Complexities of the pathology of Chagas disease and the diversity of its clinical manifestations have made the understanding of its pathogenesis difficult. However, the inflammatory background (cellular, humoral, and/or autoimmune responses) concerning this disease has been largely investigated, especially in cardiac tissue. The infiltrate in chronic Chagas heart disease consists of lymphocytes, and to a lesser extent, macrophages, eosinophils, plasma cells, neutrophils, and mast cells. T cells predominate and CD8+ lymphocytes are two to three times more abundant than CD4+ cells [35]. The most part of this leukocyte recruitment into the heart tissue is driven by chemokine and chemokine receptors and, their overexpression is clearly associated with heart dysfunction [3638]. The perpetuation of leukocyte in parasites is rarely found in the heart but parasite DNA can be detected in some inflammatory lesions. Myocyte destruction is followed by dissolution of the inflammatory cell infiltrate and replacement with connective tissue. This fibrosis is composed by collagen types I and III and, over the years, is thought to be responsible for decreased contractility of the heart, diminished cardiac muscle mass, and destruction of the intrinsic innervations. Lesions similar to those in the myocardium are found in both the epicardium and the endocardium.
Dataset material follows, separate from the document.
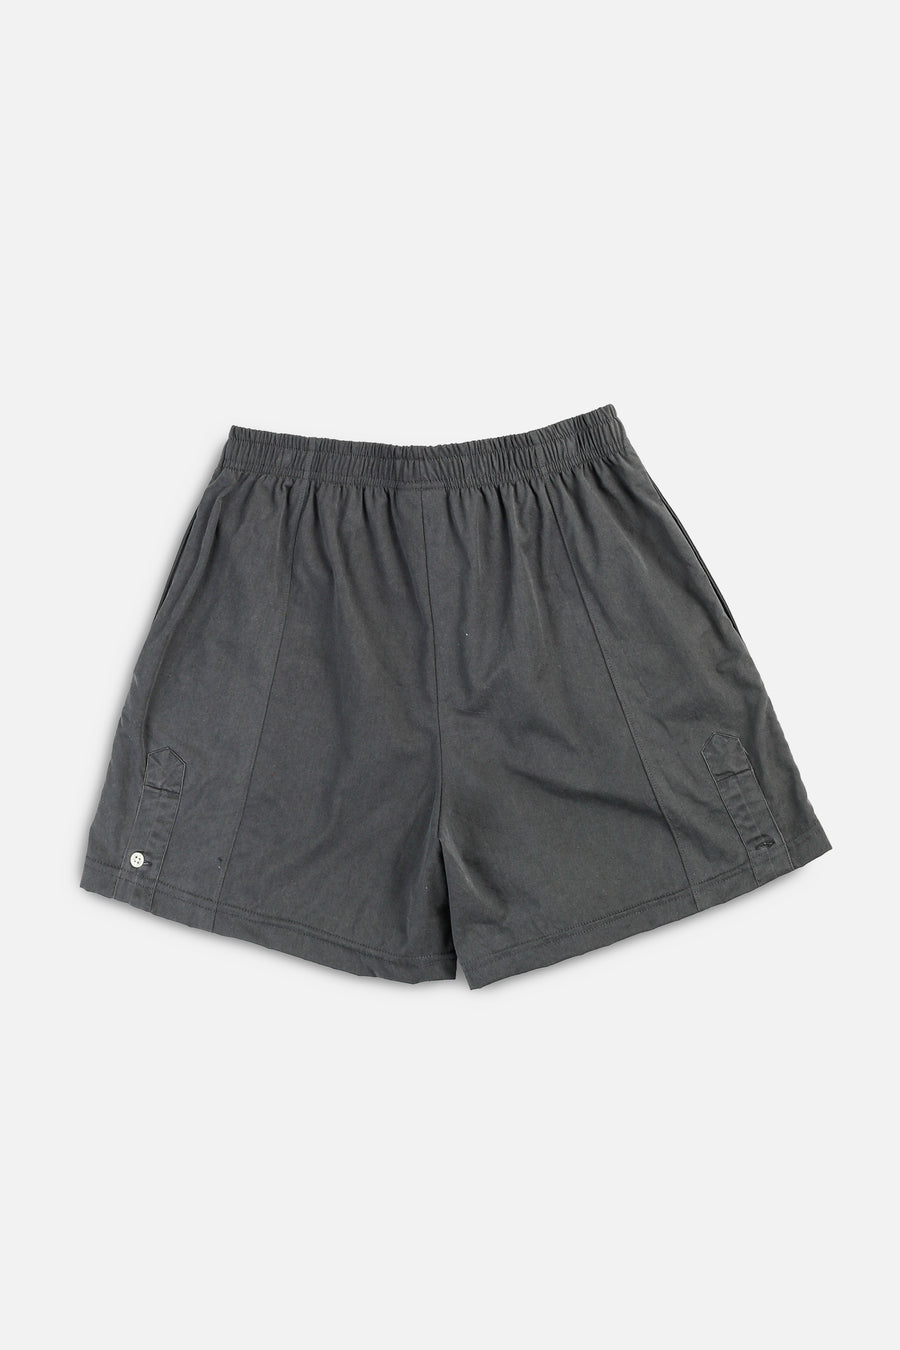 Unisex Rework Oxford Boxer Shorts - S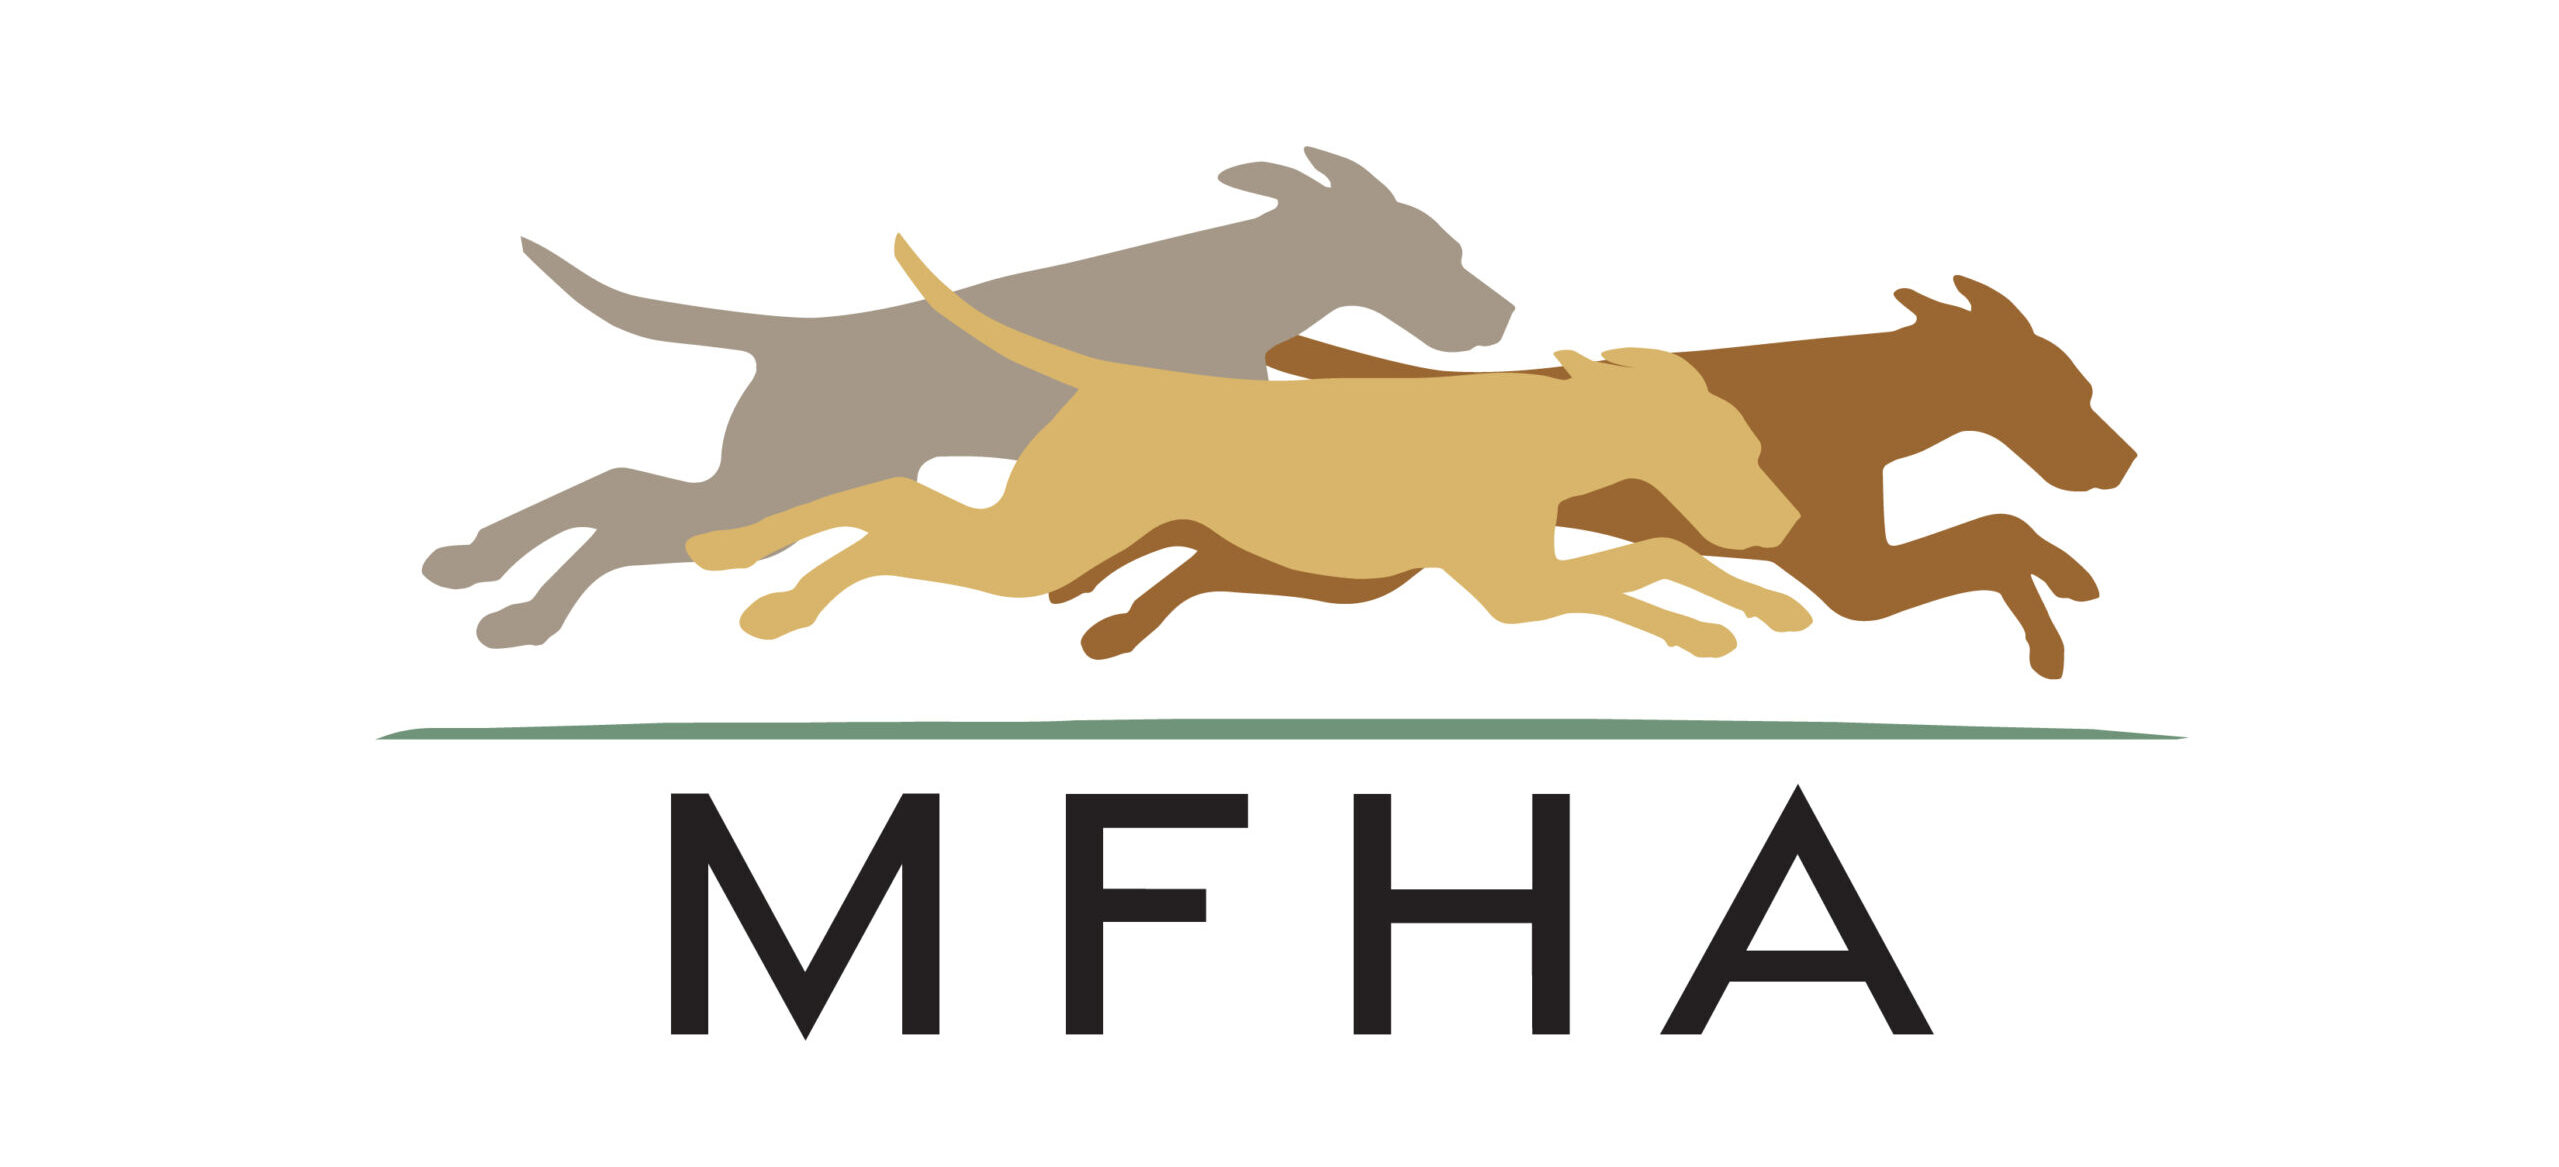 MFHA Logo

3.2. Evidences of Relation between Nutritional Deficiencies and T. cruzi Infection

The first critical report describing malnutrition and infectious disease related to mortality and morbidity was probably by Scrimshaw et al. [39]. This topic suggests a vicious cycle involved, in which PEM/MNM increases the susceptibility to infections [16]. In response to infection, the immune system first executes innate defense functions and then subsequently acquired host defense functions of great diversity. Both processes involve activation of immune cells and synthesis of an array of molecules requiring DNA replication, RNA expression, and protein synthesis, and secretion and therefore consume additional anabolic energy. Mediators of inflammation further increase the catabolic response. Consequently, the nutritional status of the host critically determines the outcome of infection. Almost all nutrients in the diet play a crucial role in maintaining an “optimal” immune response; then deficiency can have negative consequences on immune status [40] and susceptibility to a variety of pathogens [41], including T. cruzi.

3.3. Protein Deficiency and Infection by T. cruzi

Regarding protein deficiency and T. cruzi infection, only the studies of Machado et al. [42], Gomes et al. [43], Carlomagno et al. [44], and Cintra et al. [45] (involving experimental models), and De Andrade and Zicker [24] (involving human) were found. Machado et al. [42] studied the relation between the cardiac noradrenalin and the PEM in chronic experimental Chagas disease in rats (in this case, no immune interaction was evaluated). The results indicate that protein deficiency at least delays the recovery of noradrenalin levels that normally occurs during the chronic phase of experimental Chagas disease.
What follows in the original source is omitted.